→ **Your instructions**: Would you output the entries below only from the line containing "#イラスト #寿司 #こころにパンダ 」|chakikusoのイラスト" through the line containing "Zebra Restoration", exactly as they stand and with both ends included?

→ **Supplied material**:

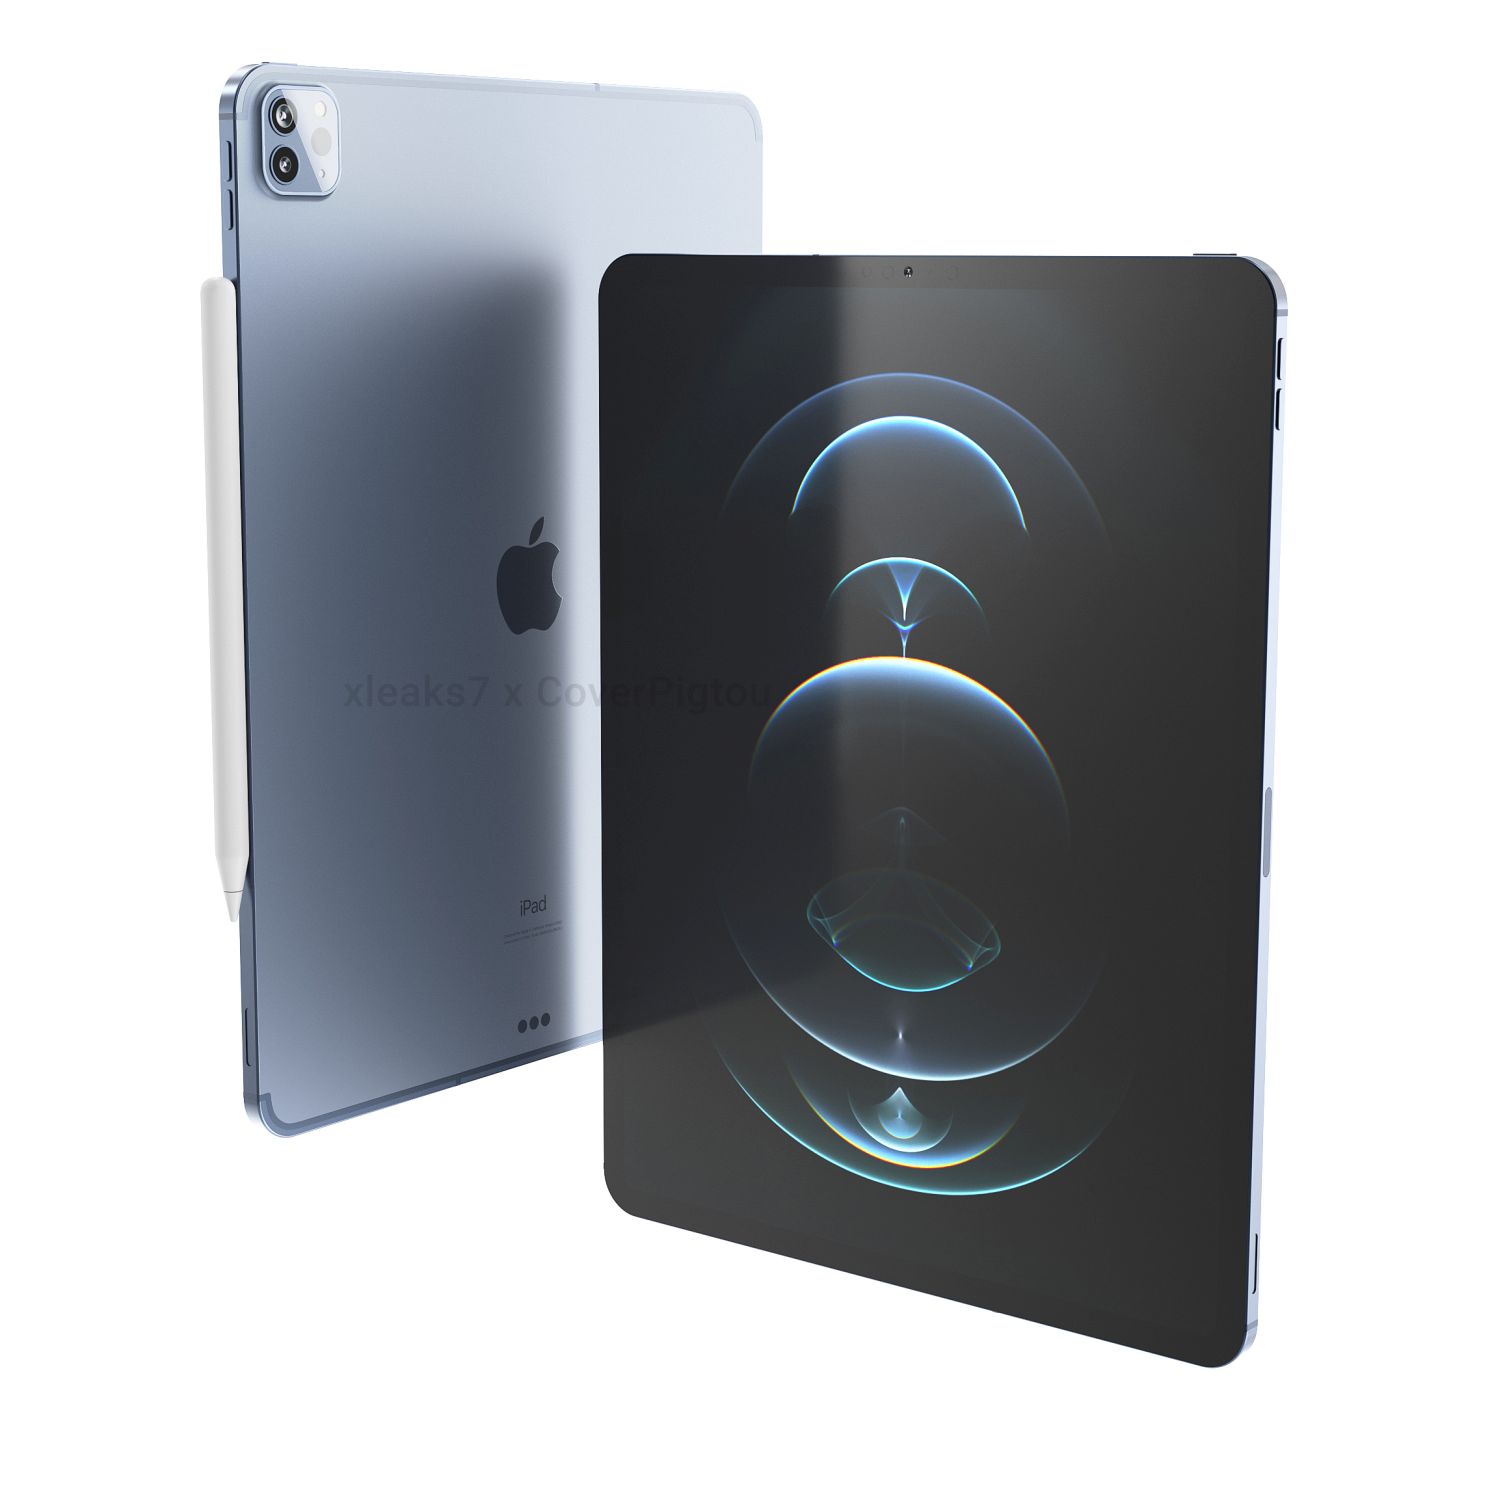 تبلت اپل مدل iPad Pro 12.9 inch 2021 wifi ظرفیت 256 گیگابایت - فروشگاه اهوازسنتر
==
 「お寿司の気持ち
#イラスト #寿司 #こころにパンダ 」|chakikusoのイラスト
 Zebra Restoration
--
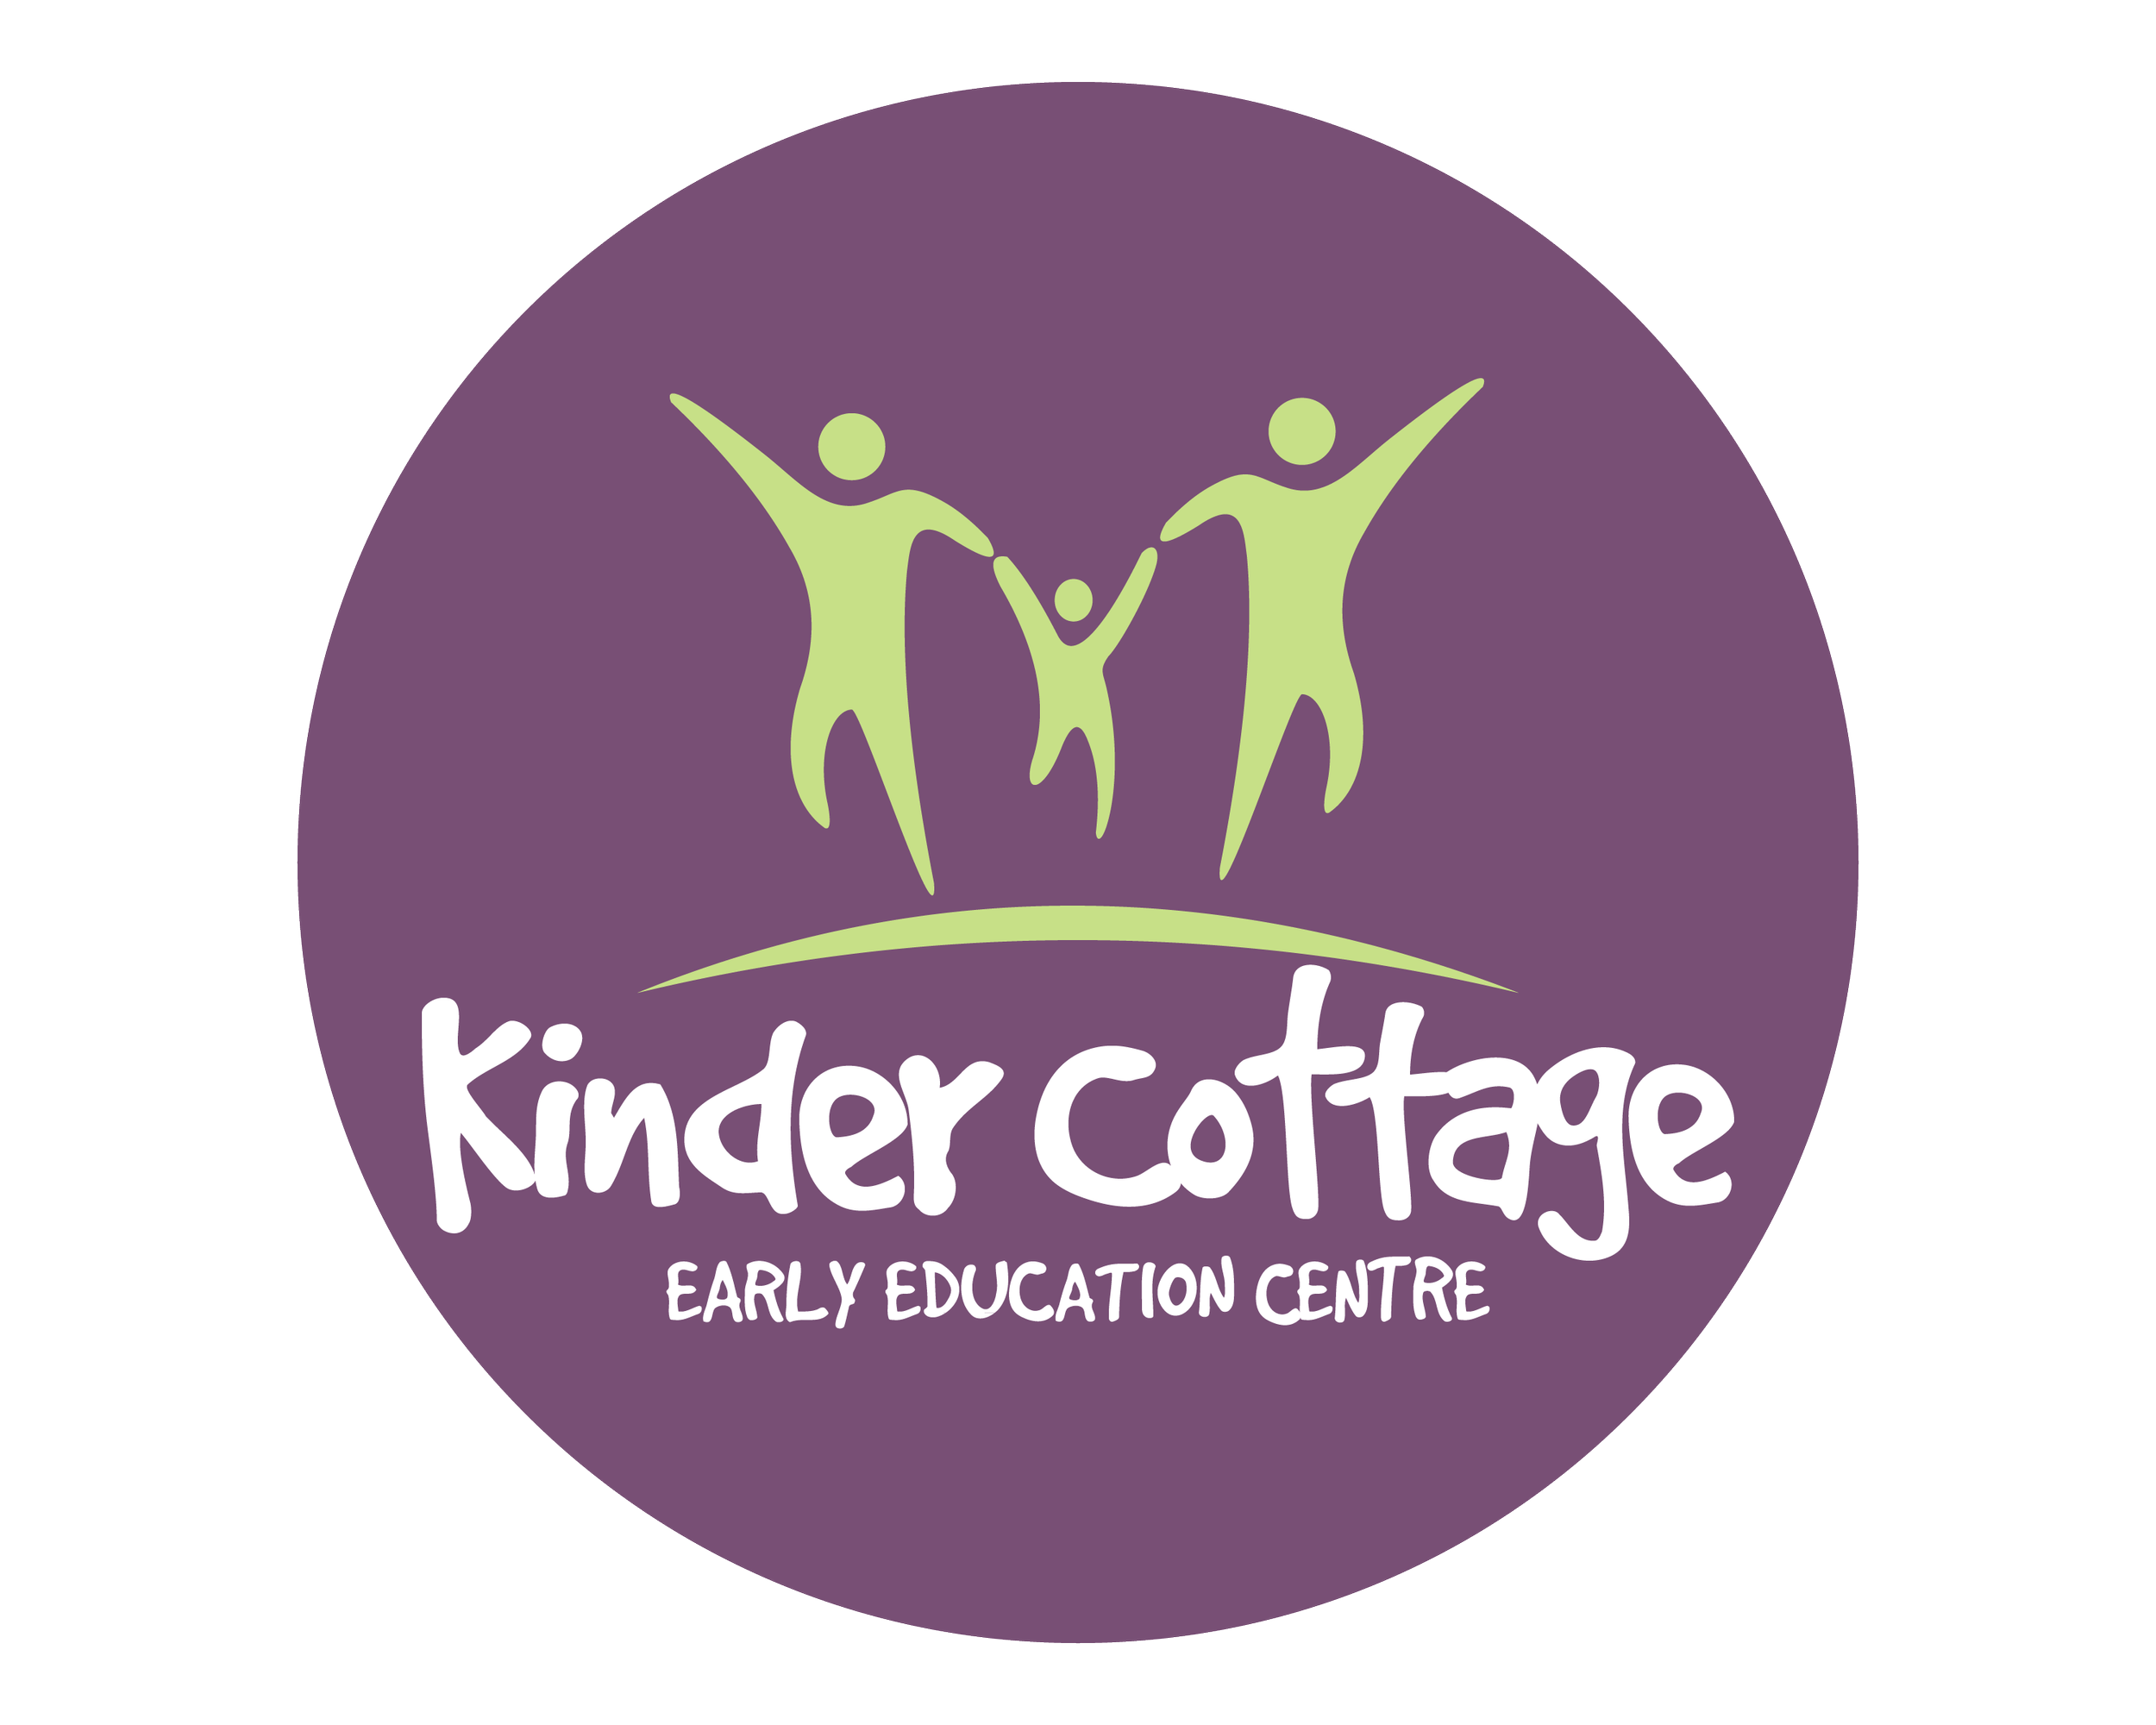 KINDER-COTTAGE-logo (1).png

→ **Written answer**:
#イラスト #寿司 #こころにパンダ 」|chakikusoのイラスト
 Zebra Restoration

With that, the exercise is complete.